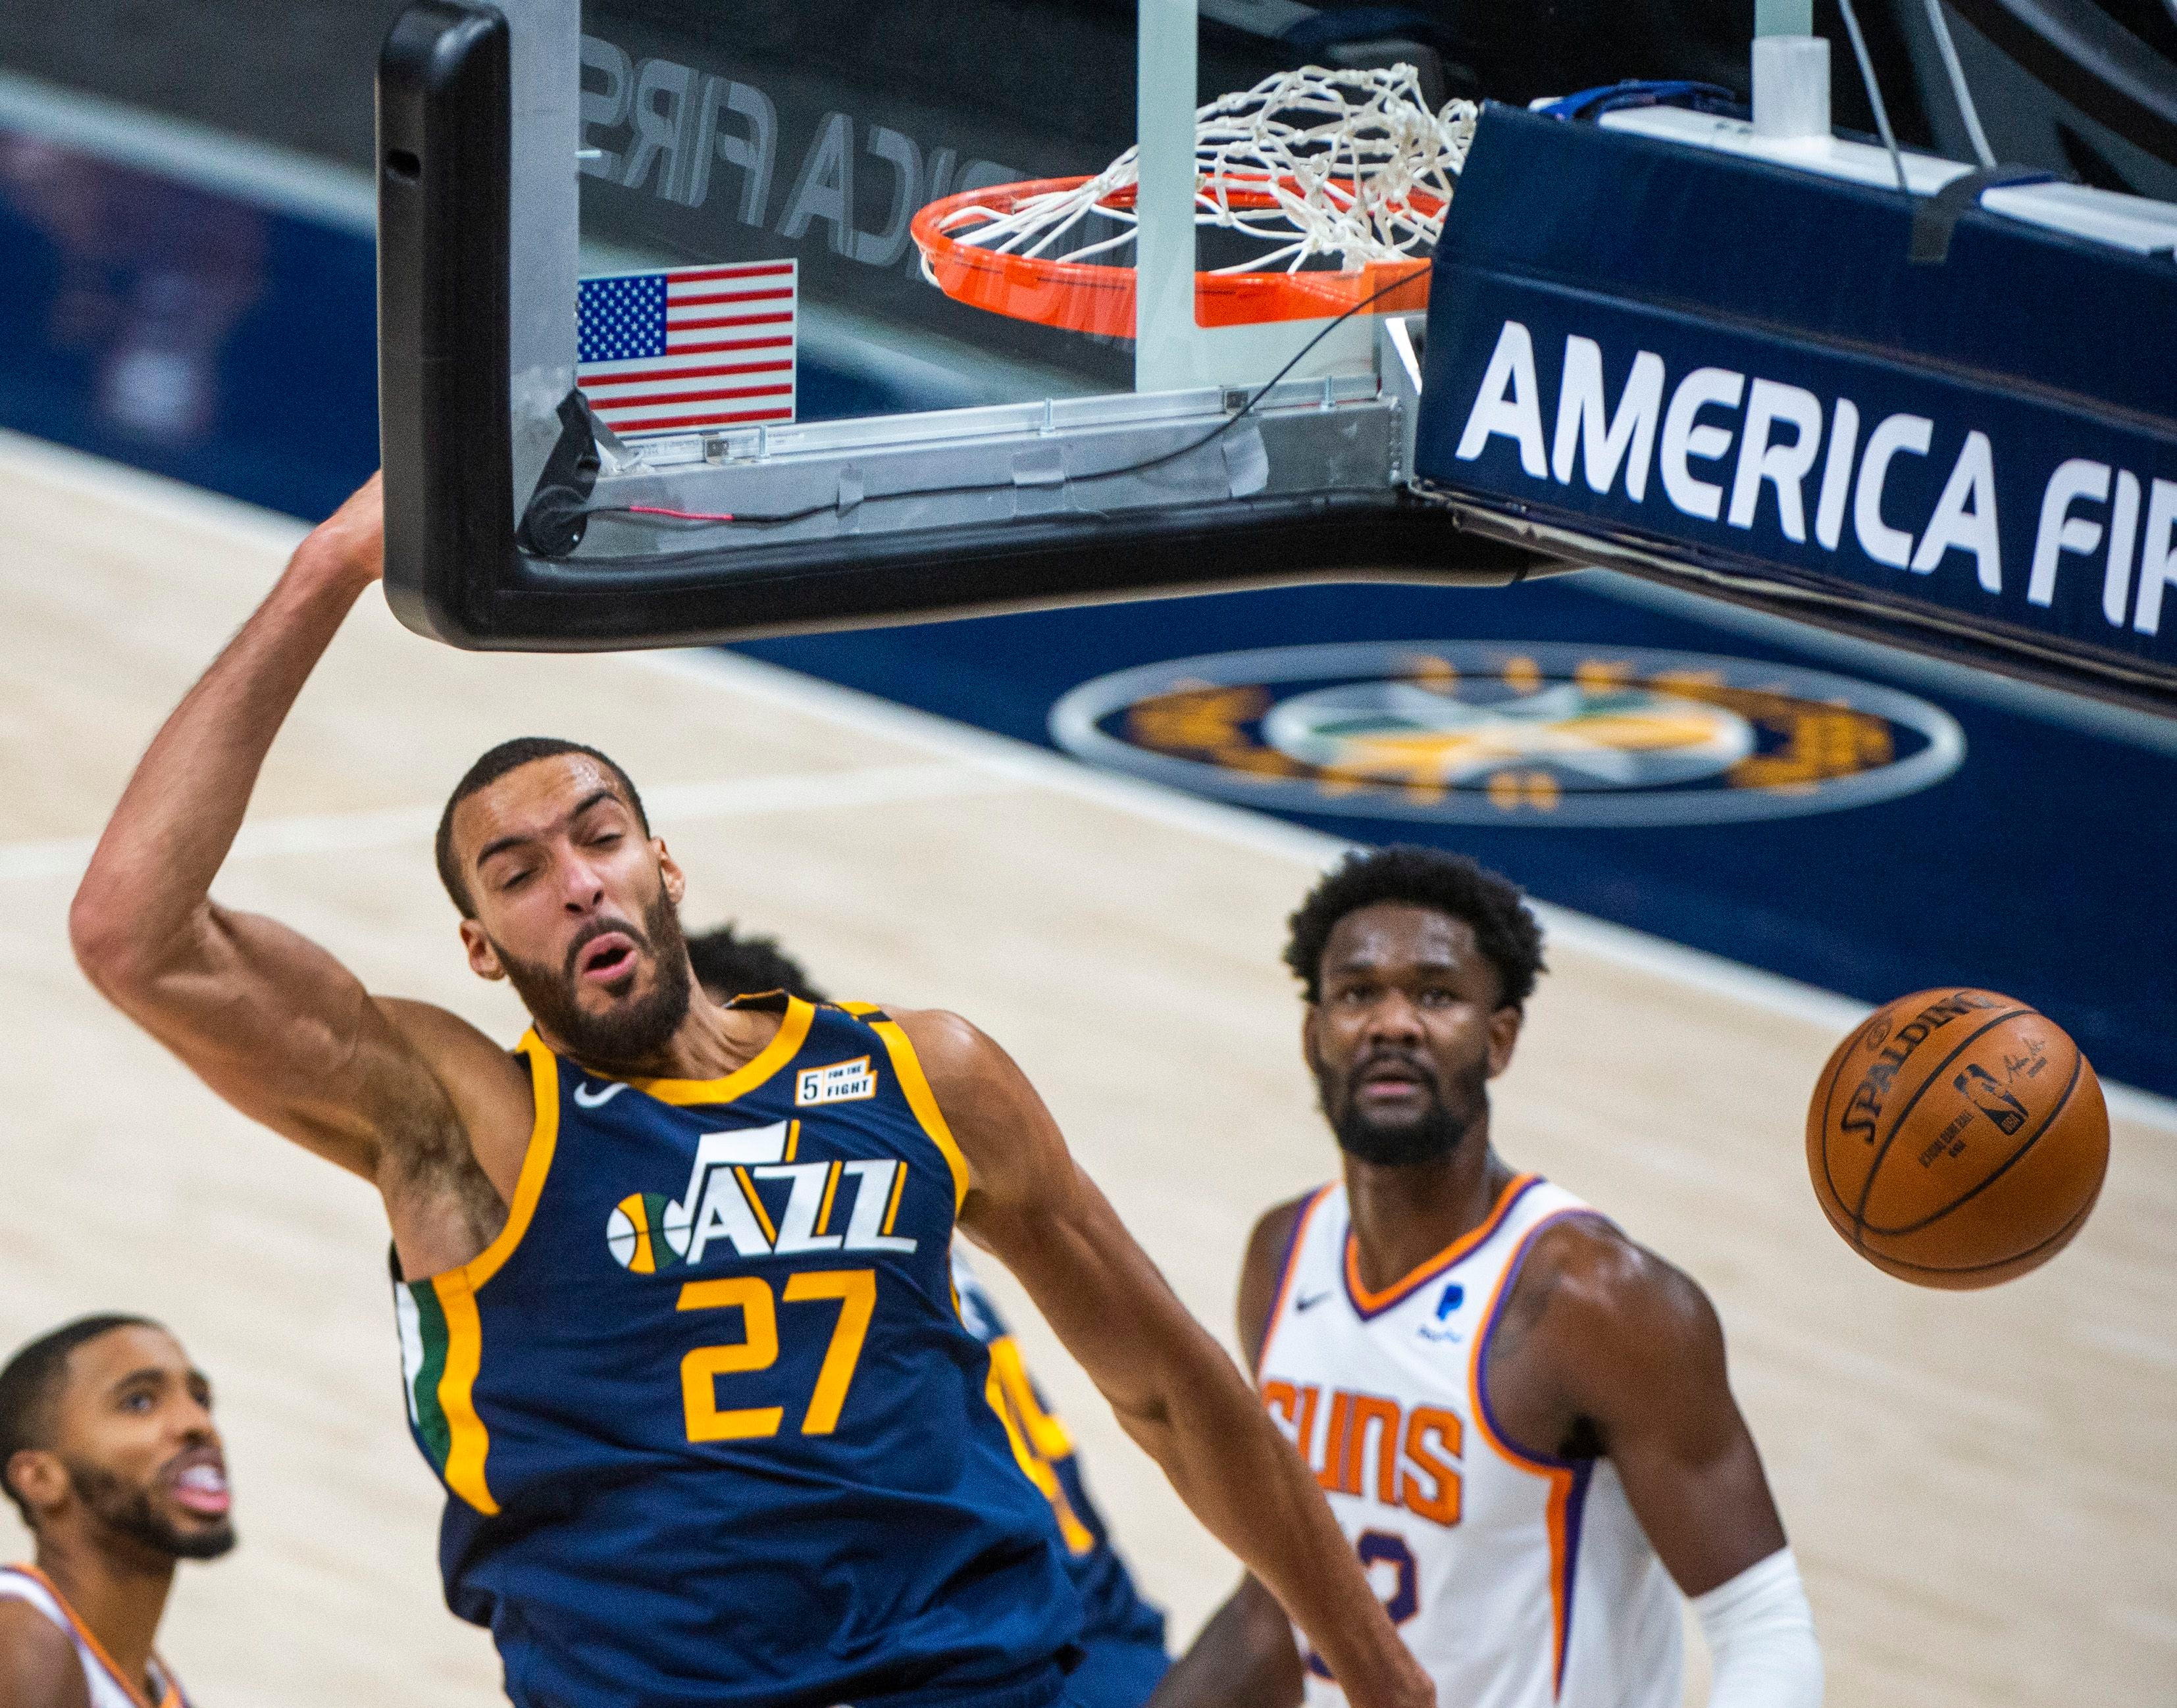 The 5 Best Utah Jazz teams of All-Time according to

-.-.-

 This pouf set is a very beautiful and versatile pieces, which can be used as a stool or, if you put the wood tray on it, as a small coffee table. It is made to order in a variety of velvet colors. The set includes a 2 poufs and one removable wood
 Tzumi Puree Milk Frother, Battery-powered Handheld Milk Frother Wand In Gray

-.-.-

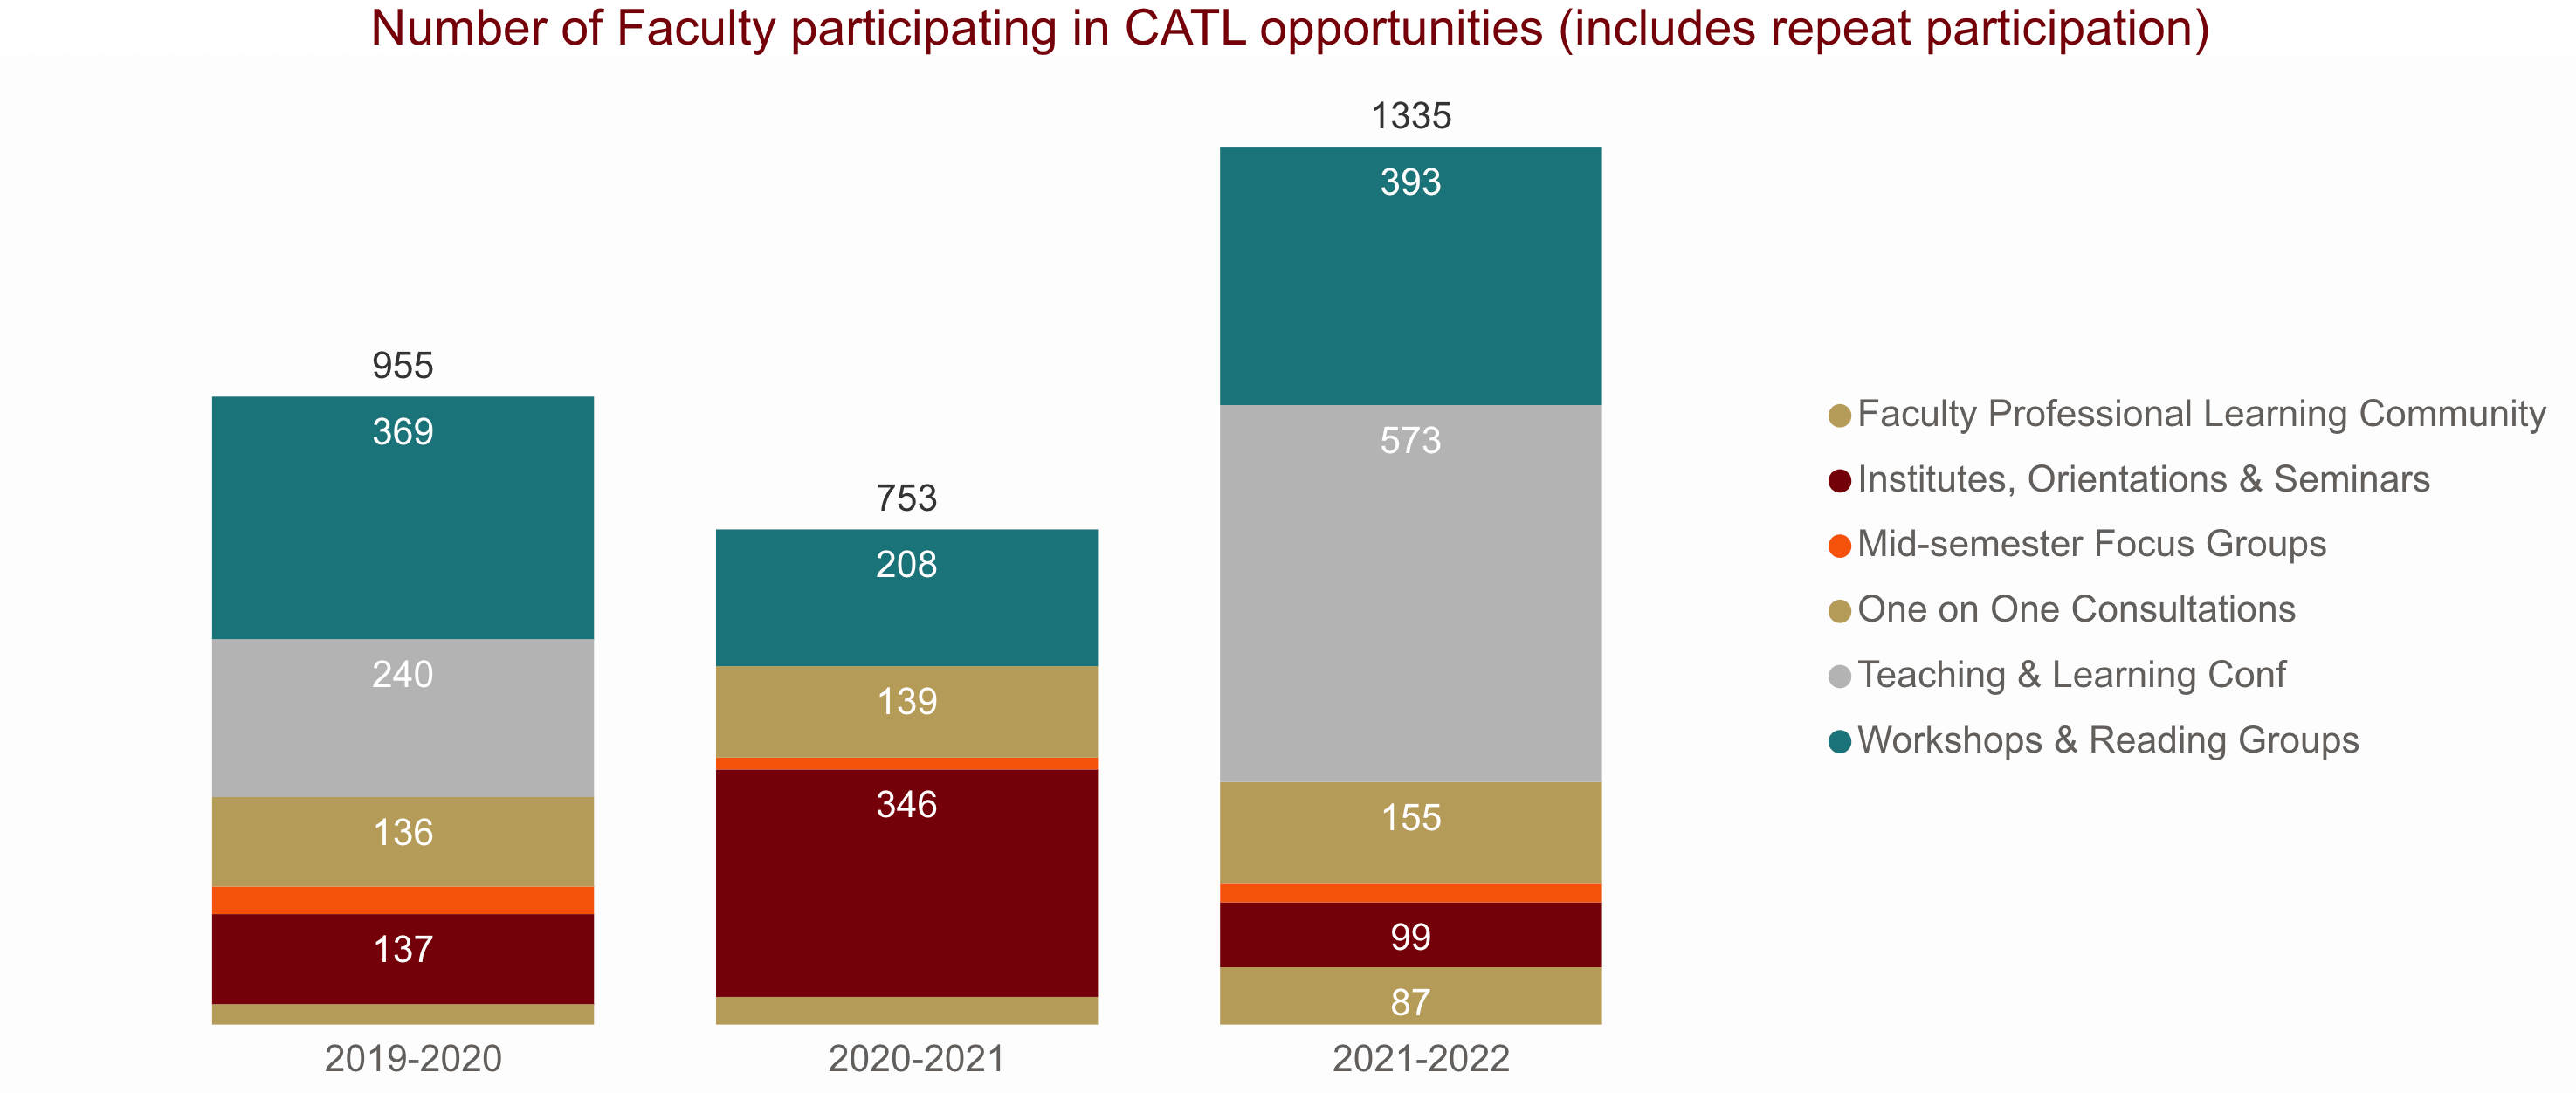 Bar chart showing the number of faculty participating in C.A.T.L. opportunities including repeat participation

-.-.-

*Task to carry out*:
The required output is every line above from the one with "This pouf set" down to the one with "Tzumi Puree Milk", restated word for word, ends included.

*Result for this task*:
 This pouf set is a very beautiful and versatile pieces, which can be used as a stool or, if you put the wood tray on it, as a small coffee table. It is made to order in a variety of velvet colors. The set includes a 2 poufs and one removable wood
 Tzumi Puree Milk Frother, Battery-powered Handheld Milk Frother Wand In Gray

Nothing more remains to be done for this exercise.